LG Let me continue further with this… One thing I heard you say this past summer that really stood out for me, that painters who seek out industrial-type subject matter, thinking that they will avoid kitsch by doing so, are just fooling themselves. Do you mean by this that what the painter selects to paint from in nature shouldn’t necessarily be the true subject, and the reason behind the painting; that the real subject should be the painting itself. I’d like you to speak more about this issue of kitsch and perceptual painting.
IH Well, You know, Italy is so picturesque it’s dangerous! Choosing to paint an industrial complex in Italy as a way of skirting the dangers of kitsch is really just another form of sentimentality. Decisions far more integral to the act of painting must be taken up. I make a distinction between the picturesque and the pictorial – oceans separate them. One treads carefully with how and where subject-matter is prioritized in the formational scheme of things when setting about a work. If it’s in the forward plane, you’re sunk. Great works of art are distinguished by transcendent qualities, their quality of rising above the subjects depicted. All subjects are kitsch, or can be really, and if there are subjects current fashions sanction, be assured time will render them super-kitsch in short shrift. I despise “camp” even more because it’s just sophistry disguised as kitsch.
Edgar Degas. Portrait of Thérèse de Gas (the Artist’s Sister) 1858-1860 Oil on canvas. Musée d’Orsay, Paris, France.
Recently I’ve been sending my students to look at and make drawings after Degas‘ painting of Thérèse de Gas. This is a remarkable and amazingly instructive early portrait he did of his sister that hangs at the Musée d’Orsay.
Looking at it through an eye lacking the prism of a pictorial intellect, I imagine one would find this picture ridiculously funny. Here is Thérèse decked out in what I’m sure was the haute couture of her day. She stands concealed in layered wraps of bourgeois modesty, hair in a pompadour atop which is a flower. A bonnet is atop this coiffure beset by a huge pink ribbon tied into a big bow tucked tightly under the chin and whose two hanging ribbon-ends fall at the level of her hips. I mean, this part of the arrangement looks like it should be some kind of medallion they stick to a side of beef! Then there’s the huge black shawl with a transparently laced border along the bottom extending down the front below the knees, and under all this, is the fluffiest bell-shaped full skirt that must surely touch the floor.

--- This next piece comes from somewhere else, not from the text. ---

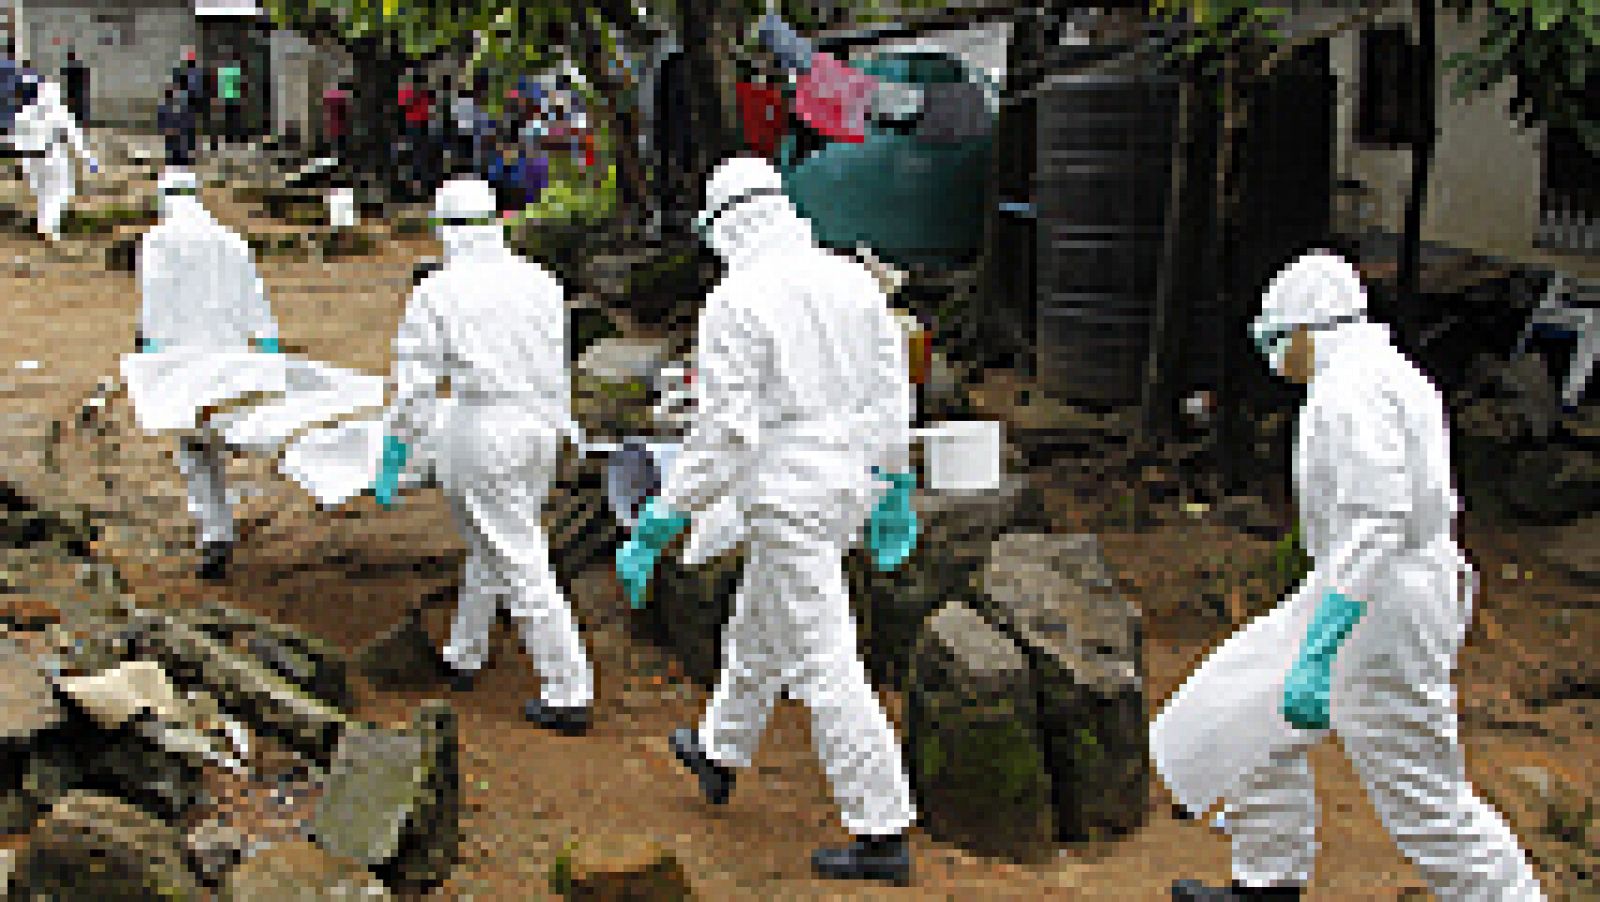 Siete meses después de conocerse los primeros casos de ébola en África, la última cifra de muertos se acerca a los 4.000 
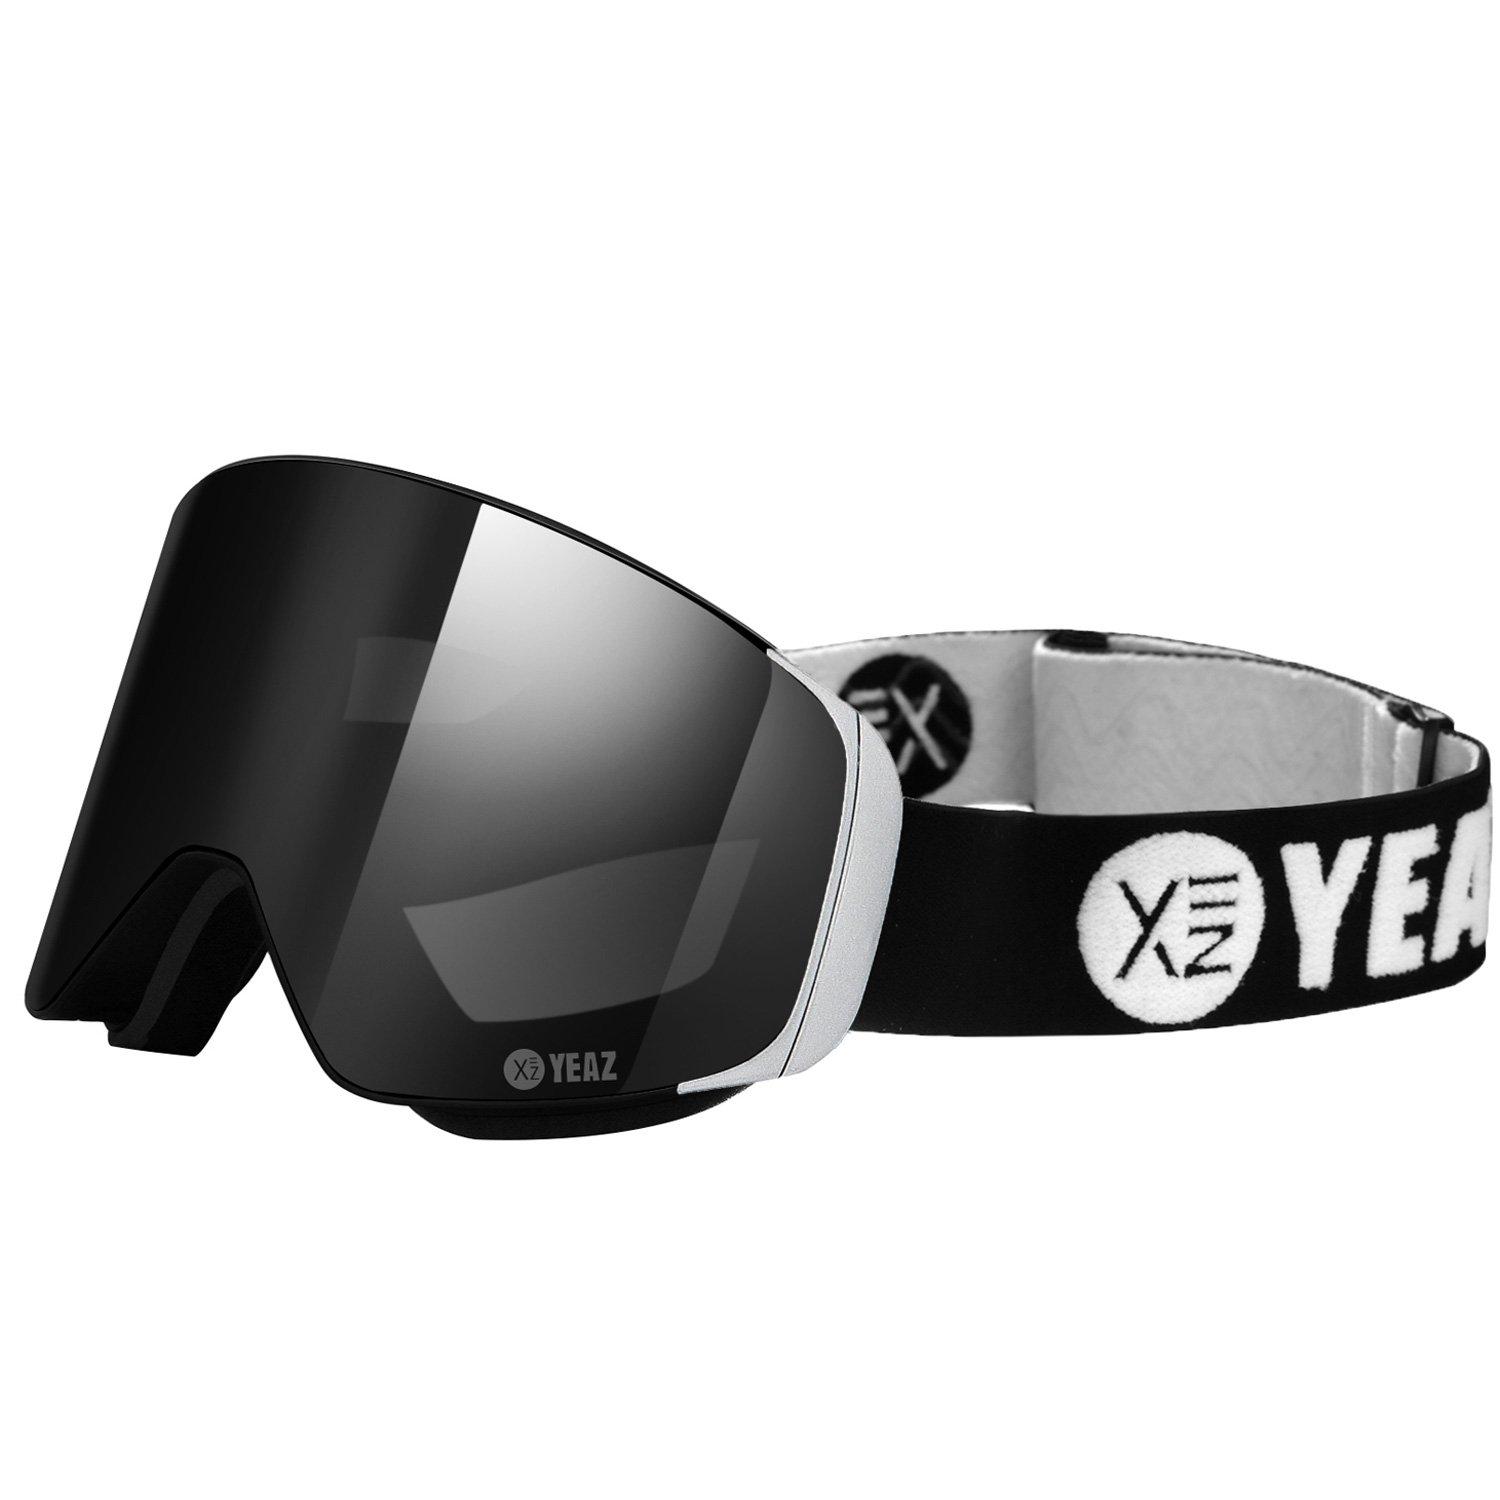 YEAZ  APEX Occhiali da sci snowboard Magnet nero/argento

Looking at this is not too dissimilar to those cringe-inducing experiences we have of looking at old snapshots of ourselves, perhaps as unbearably goofy and vain teens, and you’re agasp thinking: oh my God, the pimples and braces are the best part of this!
Yet there is nothing at all ridiculous in this portrait of Thérèse! It’s in fact dead serious because every one of these accoutrements has been made severely elemental, molded into an abstracted geometry by the most ingenious pictorial intellect. The possibility for sentiment is here confined by a severe formal scheme, a construct that leaves no doubt as to its purpose – it is completely in the service of this picture! Remove, no, just shift, one element in this telelogical construct, and there will be nothing left of it.
Look, we are most certainly products of our own time and environment, but to transcend in art time-bound sentimentalities, one must grasp this.